Многие годы, которые молодые гориллы проводят со своими родителями, одногодками, братьями и сестрами, создают уникальные условия для создания прочной семейной организации, спаянной тесными родственными узами. Достигнув половой зрелости, самцы и самки часто покидают родные группы. Уход из групп половозрелых особей, очевидно, является эволюционной закономерностью, направленной на уменьшение опасности вырождения из-за кровосмешения, хотя миграция созревающих горилл может быть вызвана и тем, что у них нет шансов приобрести партнера в родной группе.

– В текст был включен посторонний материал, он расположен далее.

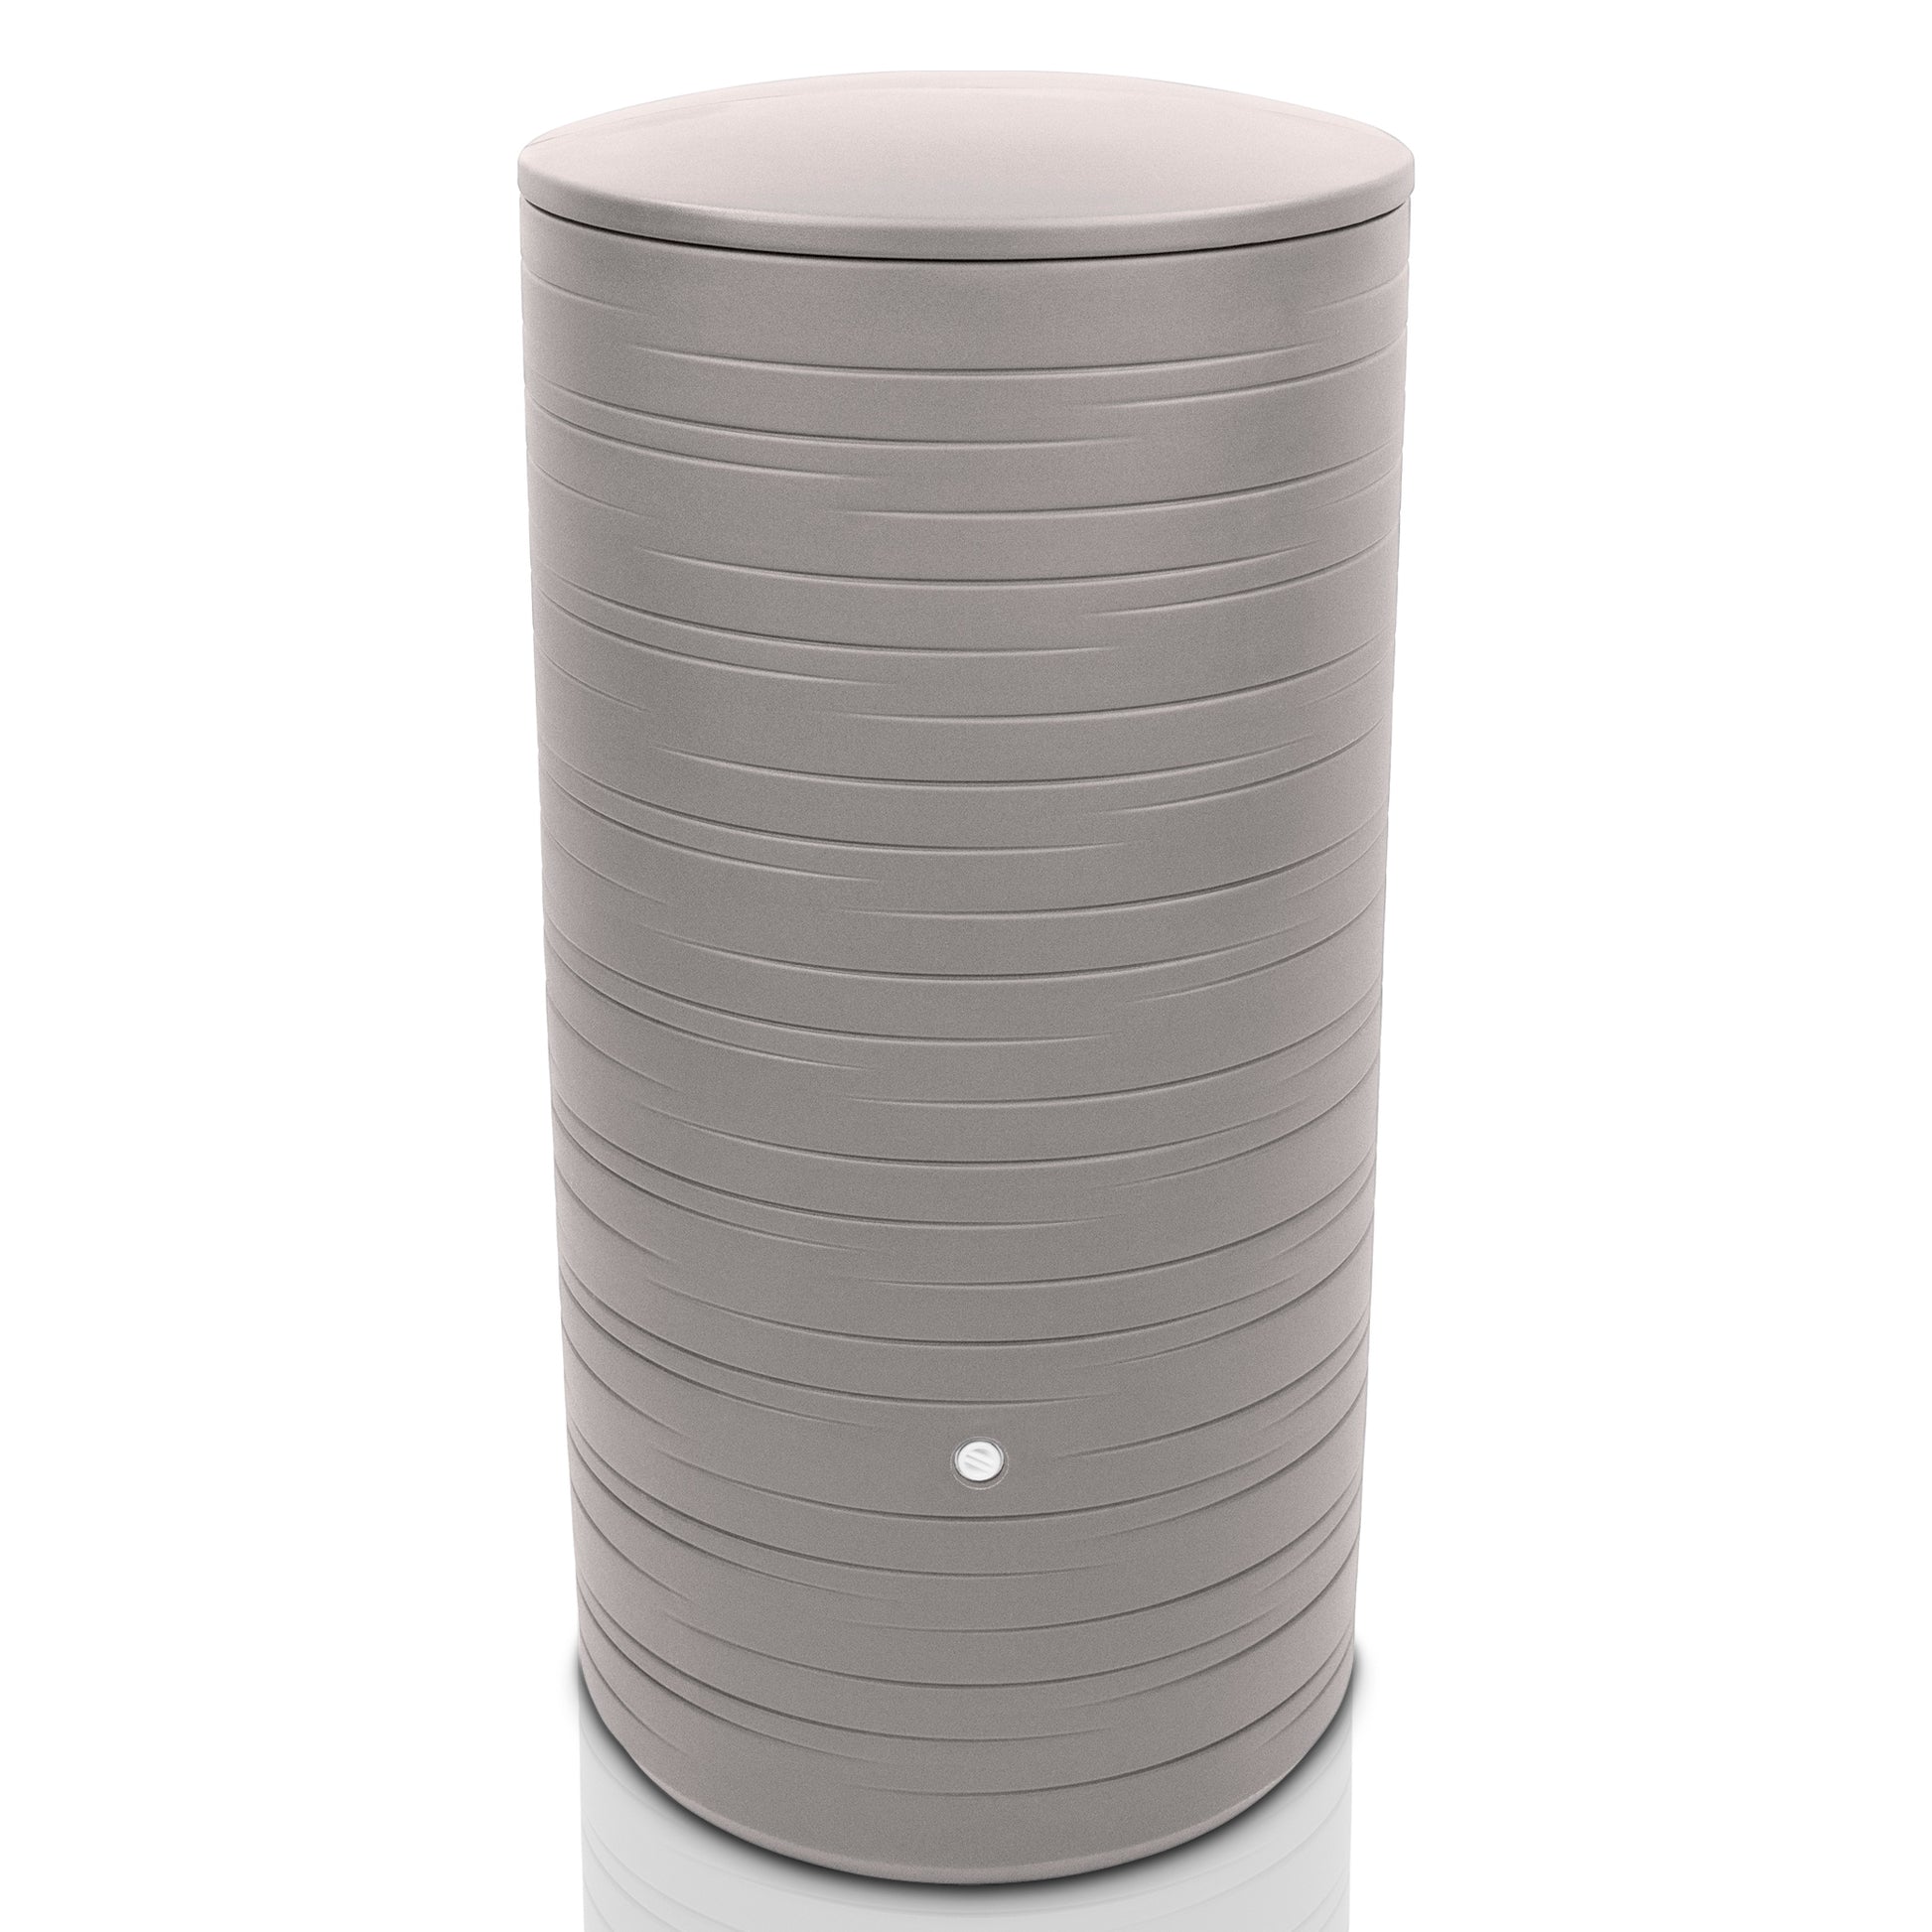 Moderne zylindrische YourCasa Regentonne 280 Liter [PureRain] mit strukturiertem Boden und glatter Oberseite auf weißem Hintergrund.

В самом начале работы в Кабаре мне было трудно устанавливать контакты с гориллами, потому что они не могли привыкнуть к моему присутствию и убегали, едва завидев меня. Есть два возможных способа установления контакта — скрытый, когда гориллы не подозревают о слежке, и открытый, когда они знают о моем присутствии.
Скрытые контакты были особенно ценными, когда удавалось наблюдать за поведением, невозможным в моем присутствии. Однако к недостаткам последних следовало отнести то, что они не способствовали привыканию животных к моей персоне. Открытые контакты позволяли постепенно завоевывать расположение горилл, особенно когда я узнала, что имитация некоторых их повадок, как, например, почесывание, прием пиши или подражание звукам, выражающим довольство, позволяла животным привыкать ко мне быстрее, чем если бы я просто разглядывала их в бинокль и делала записи. Я всегда обматывала бинокль обрывками лиан, чтобы спрятать потенциально опасные стеклянные глаза от взора застенчивых животных. Гориллы, как, впрочем, и люди, пристальные взгляды воспринимают как признак угрозы.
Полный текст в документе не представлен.